Pregnancy & Breastfeeding use

Pregnancy Category B. Yet there are no adequate and well controlled studies of Namenda in pregnant women. Namenda should be used during pregnancy only if the potential benefit justifies the potential risk to the fetus. It is not known whether Namenda is excreted in human breast milk. Because many drugs are excreted in human milk, caution should be exercised when Namenda is administered to a nursing mother.

Contraindication

Namenda Hydrochloride is contraindicated in patients with known hypersensitivity to Namenda Hydrochloride or to any excipients used in the formulation.

Special Warning

In case of renal impairment: A target dose of 5 mg BID is recommended in patients with severe renal impairment (creatinine clearance: 5-29 ml/min).

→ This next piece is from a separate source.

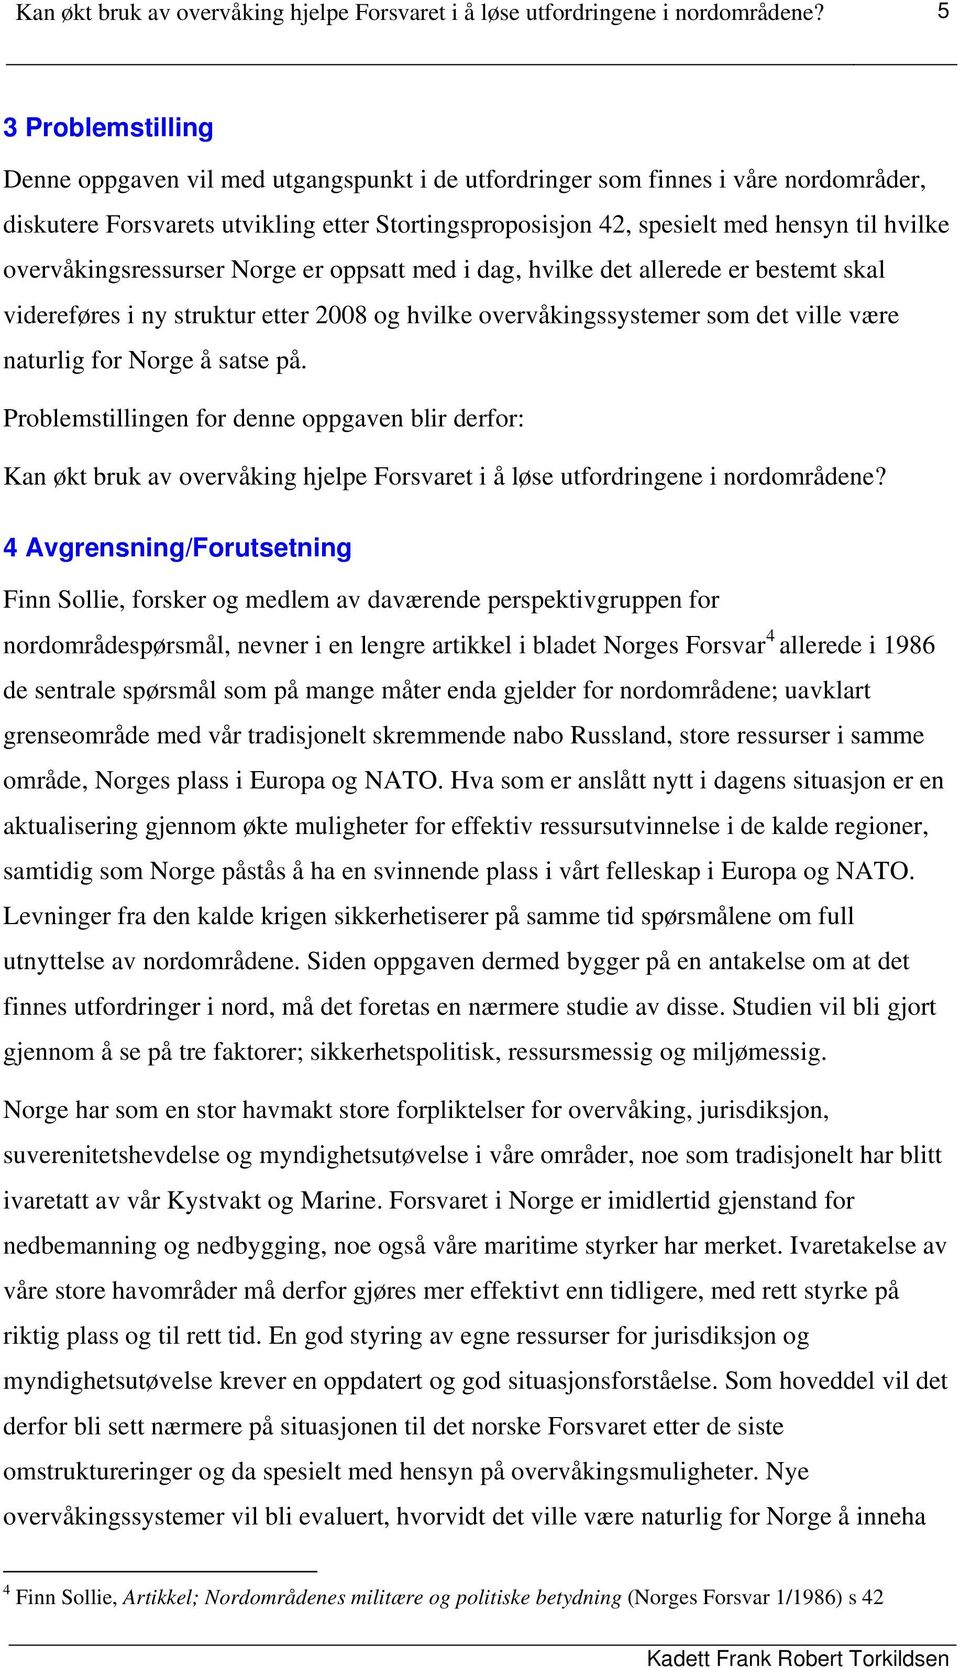 overvåkingsressurser Norge er oppsatt med i dag, hvilke det allerede er bestemt skal videreføres i ny struktur etter 2008 og hvilke overvåkingssystemer som det ville være naturlig for Norge å satse

In case of hepatic impairment: No dosage adjustment is needed in patients with mild or moderate hepatic impairment. Namenda should be administered with caution to patients with severe hepatic impairment.

Acute Overdose

Symptoms: Agitation, asthenia, bradycardia, vomiting, dizziness, vertigo, ECG changes, increased BP, visual hallucinations, confusion, lethargy, restlessness, slowed movement, somnolence, stupor, unsteady gait, weakness, loss of consciousness, psychosis, coma.

Management: Symptomatic and supportive treatment. May increase elimination by urinary acidification.

Storage Condition

Store in a cool and dry place, protected from light. Keep this medication out of reach of children.

Innovators Monograph

You find simplified version here Namenda

Namenda contains Memantine see full prescribing information from innovator Namenda Monograph, Namenda MSDS, Namenda FDA label

*** Taking medicines without doctor's advice can cause long-term problems.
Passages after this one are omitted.